And probably the highest compliment or level of success that we had at doing that is, when we went to launch the product, we actually put cards on the market before the first pay would go onto to those cards and had several employees who signed up. One of the cards we noticed -- ’cause we gave the ability to load money on the card so it wasn’t just your pay that got loaded, if you were in a Wal-Mart store you could load any money you wanted onto that card for free -- had $1,500 loaded onto us. And we started scratching our heads going, ‘How is there already $1,500 on this card that we haven’t even loaded any payroll to?’ So the store -- we got a hold of the store, the store got a hold of the associate, and the associate said, ‘This was great. I was about to go on vacation, and I was trying to figure out, one, how I was going to book a hotel room and a rental car.’ Cause they didn’t have access to the traditional banking system, and I know that’s hard for a lot of us in this room to believe or see, but when you talk about Wal-Mart associates who are cashiers, who this may be their part-time job, it’s very real for them. So it enabled them to book their vacation and use the card to get a rental car. The other thing she said that was great is she was worried about taking that $1,500 and going on this vacation and having to carry that cash and the security that was involved with carrying that cash, and she said, ‘This gave me a great solution where I could put the money on.’ One of things that we did is we built so that you can take any amount off at any of our registers as many times as you want for free, so basically turned our registers into an ATM for these products. And so she said, ‘So pretty much anywhere I’m going to go on vacation there’s going to be a Wal-Mart. And if I need cash, I could just go into the Wal-Mart store and get my cash, and otherwise I could just use the card how I wanted to use the card.’ So as we looked at it, we were giving associates the empowerment to live life differently and that was really a powerful message.

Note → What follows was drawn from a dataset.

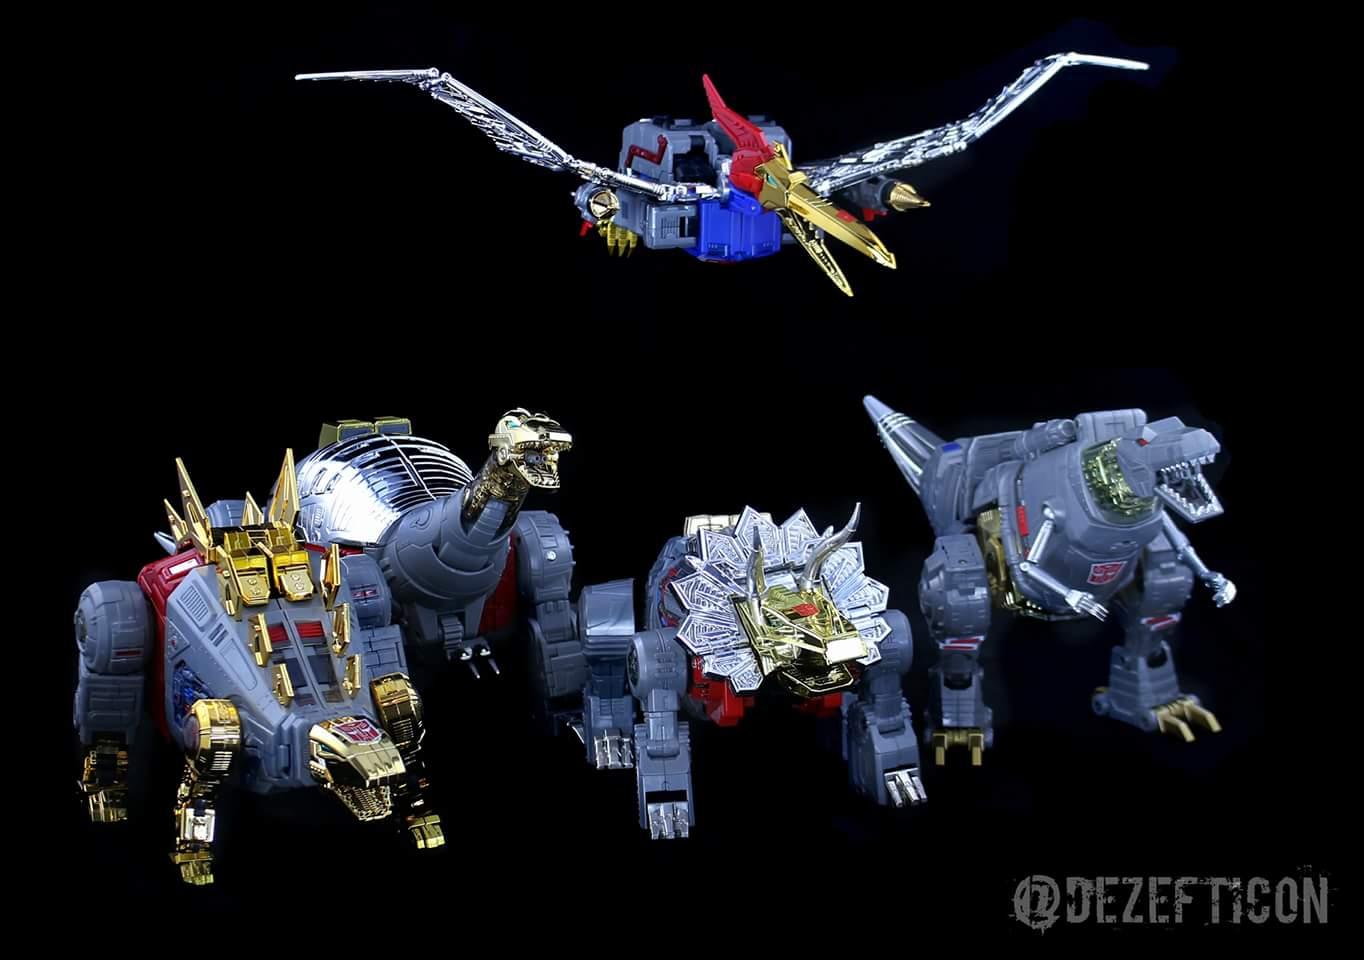 [Fanstoys] Produit Tiers - Dinobots - FT-04 Scoria, FT-05 Soar, FT-06 Sever, FT-07 Stomp, FT-08 Grinder - Page 9 HiMejZty

On our side about it, it was all about efficiency. When we first met with our executive team and talked about what we were going to do with the product, the first objective they gave us is this can never be a profit generator from Wal-Mart. The goal of the card is not to get our associates to give money back to us unless they’re buying products. So that freed us up to do some creative things on the card and make sure that we held our suppliers to close to the same amount of not make any money. They do have to get return on the investment that they have into the products, but we made sure that it was very advantageous to our associate.

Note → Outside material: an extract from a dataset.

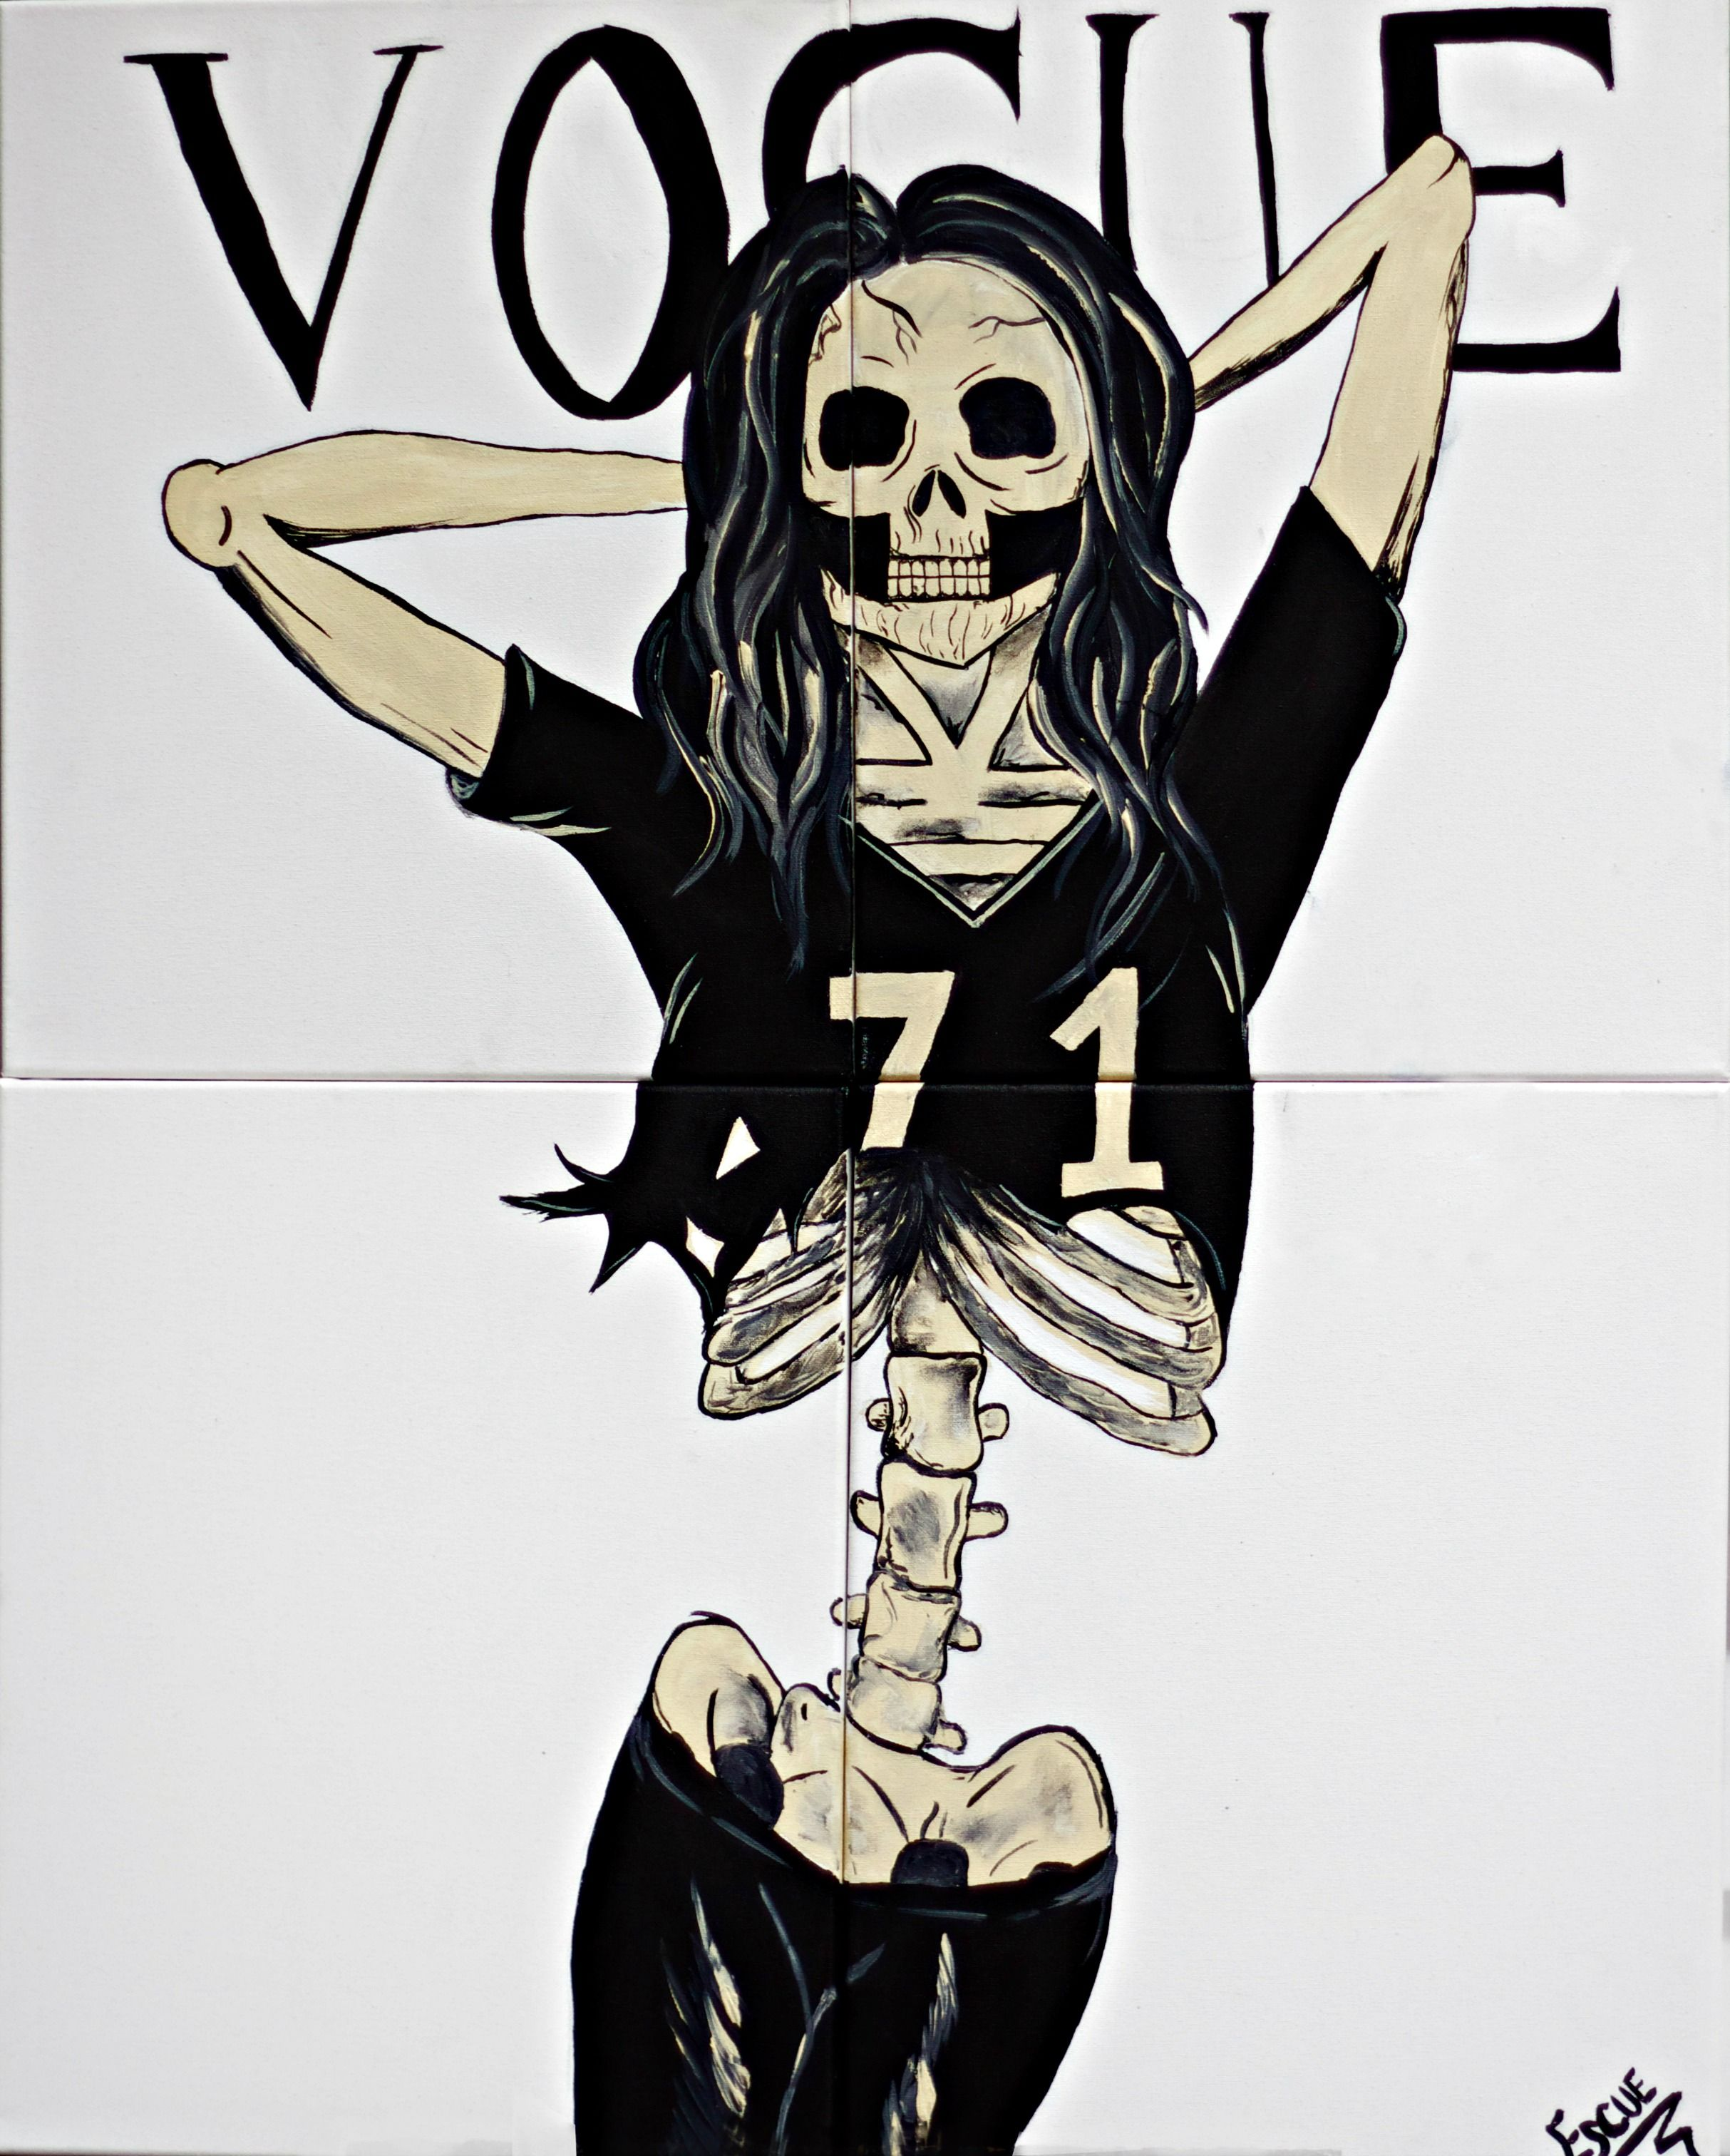 The true Vogue model. Artist: Kelsey Escue

Where Wal-Mart saw the saving is, imagine mailing out 1.4 million checks to over 4,500 locations every other week. The expense that is attached to that -- we have our own check-printing house, we run our own printing facility just to be able to print all of those checks and mail them out. FedEx loves us. They carry about three trailers on our lots at all time to take those checks and have them delivered on a timely basis to the store. And the temporary associates who spend three days stuffing envelopes with checks or making sure they’re in the right packages loved it as well cause it gave them temporary employment on how they went and did that.
So we started identifying all the different groups and people that we touch in areas that treasury traditionally, never has any involvement with. I mean, our relationship with our financial shared service and payroll before was very small, but as we began to realize and talk about how this was going to be done, we realized that in treasury, at least in a retail setting, card payments is what is my group’s specialty. And what this is about is card payments and that we had the knowledge, the connection, and the people that can make this work.

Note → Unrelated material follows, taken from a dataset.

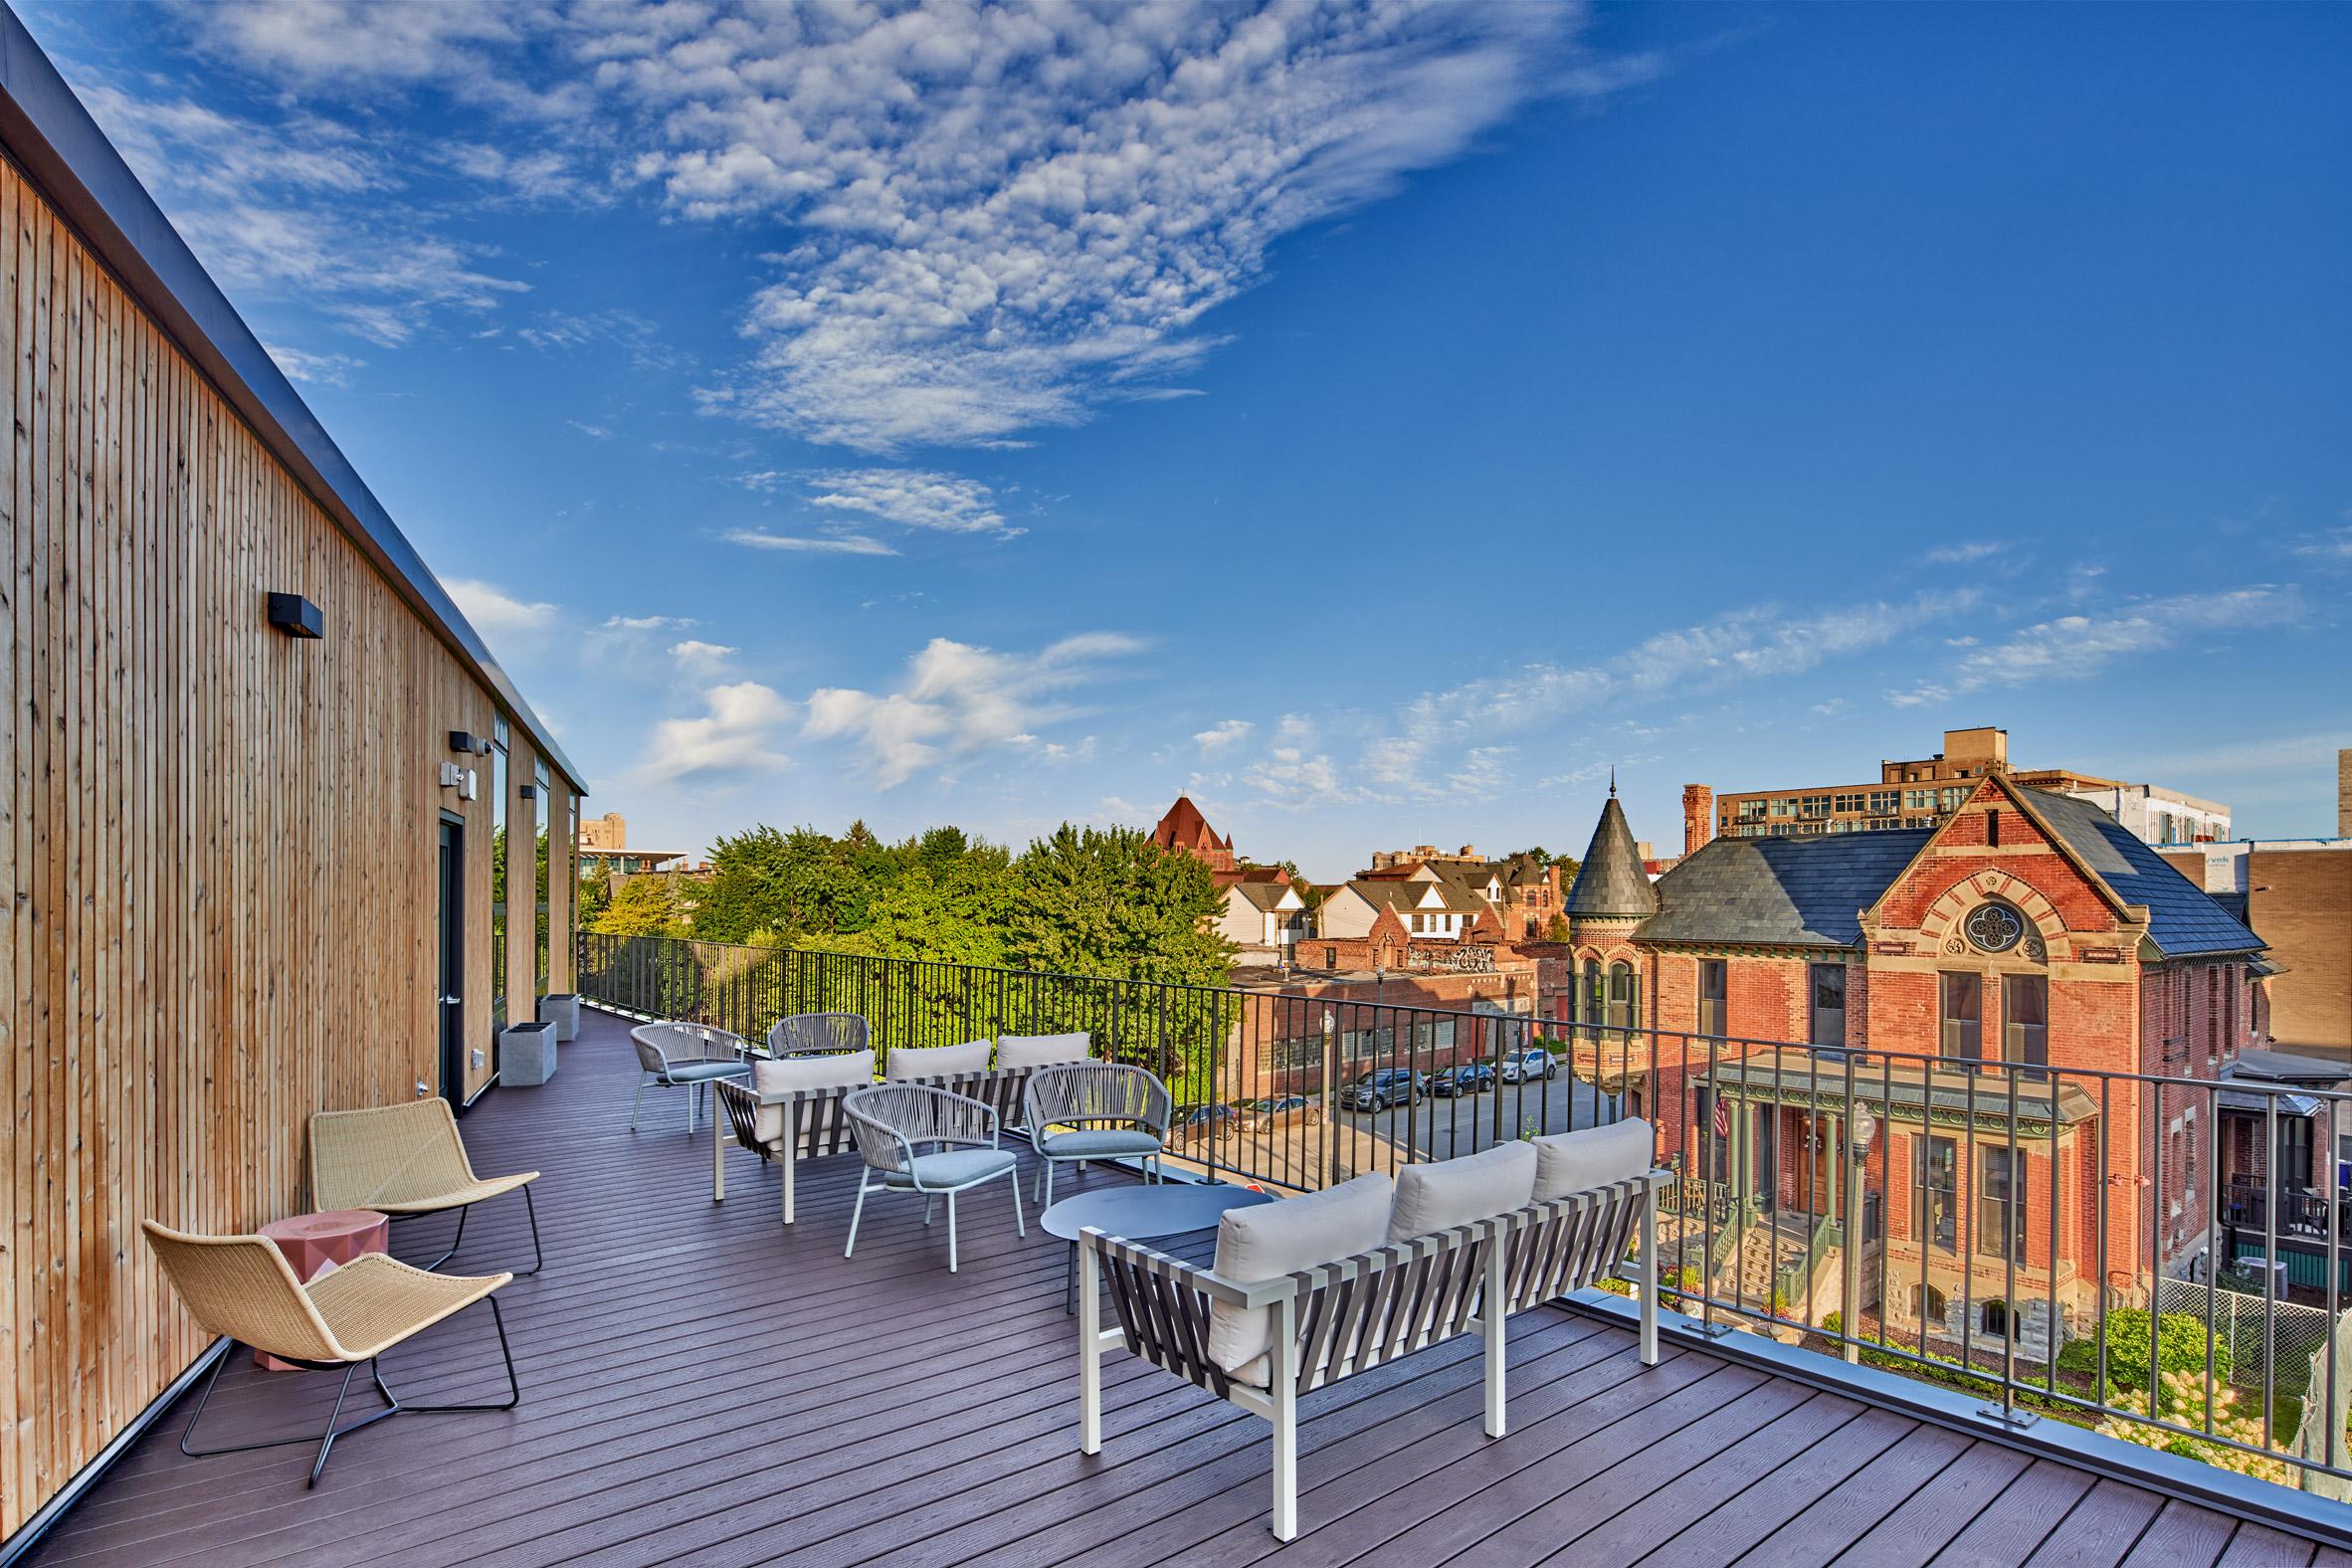 A communal terrace overlooks a vast Victorian mansion

We went through the formal RFP process and evaluated over eight different suppliers, with the one goal that had to be met that is something that we can implement in all of our locations, and that we don’t have to specialize by location. First Data became our processing partner to it, and MasterCard became our card network brand with it. And the reason why we chose those two is, as we said, we wanted to get creative on how we delivered solutions to our associates. Those two partners were very instrumental in helping us start from a white-sheet board and creating a product that fit our 1.4 million associates.
So where did we end up with a product? I mentioned already the ability to get cash free for our associates. The other big struggle most people, all of us go through -- getting paid to an electronic account is easy compared to getting pay advice to associates in a controlled manner that meets all the state regulations. So we created a printing device that we’ve delivered to all of our locations that our associates now go if they want a paper copy on demand of their payroll. We’ve applied an Internet infrastructure that allows them to get it on the internet. We even text our associates with their key critical information if they sign up for text messaging, and we allow them to call into an IVR and get their pay information as well.
We’ve currently totally shut off the printing in four states, and voluntarily over half of our employees have turned off their pay advice. In January -- now that we’ve deployed the solution -– we’ll turn off the centralized printing and delivery of all pay advices to all of our associates. From a corporate standpoint, we’ve reduced our expenses on an annualized basis about $7 million a year; that’s a lot of paper. And from the environmental side, we’ve seen huge savings in our reduction of waste, our carbon imprint that we have on the country, and it made great progress at achieving Wal-Mart’s overall goal of being totally sustainable.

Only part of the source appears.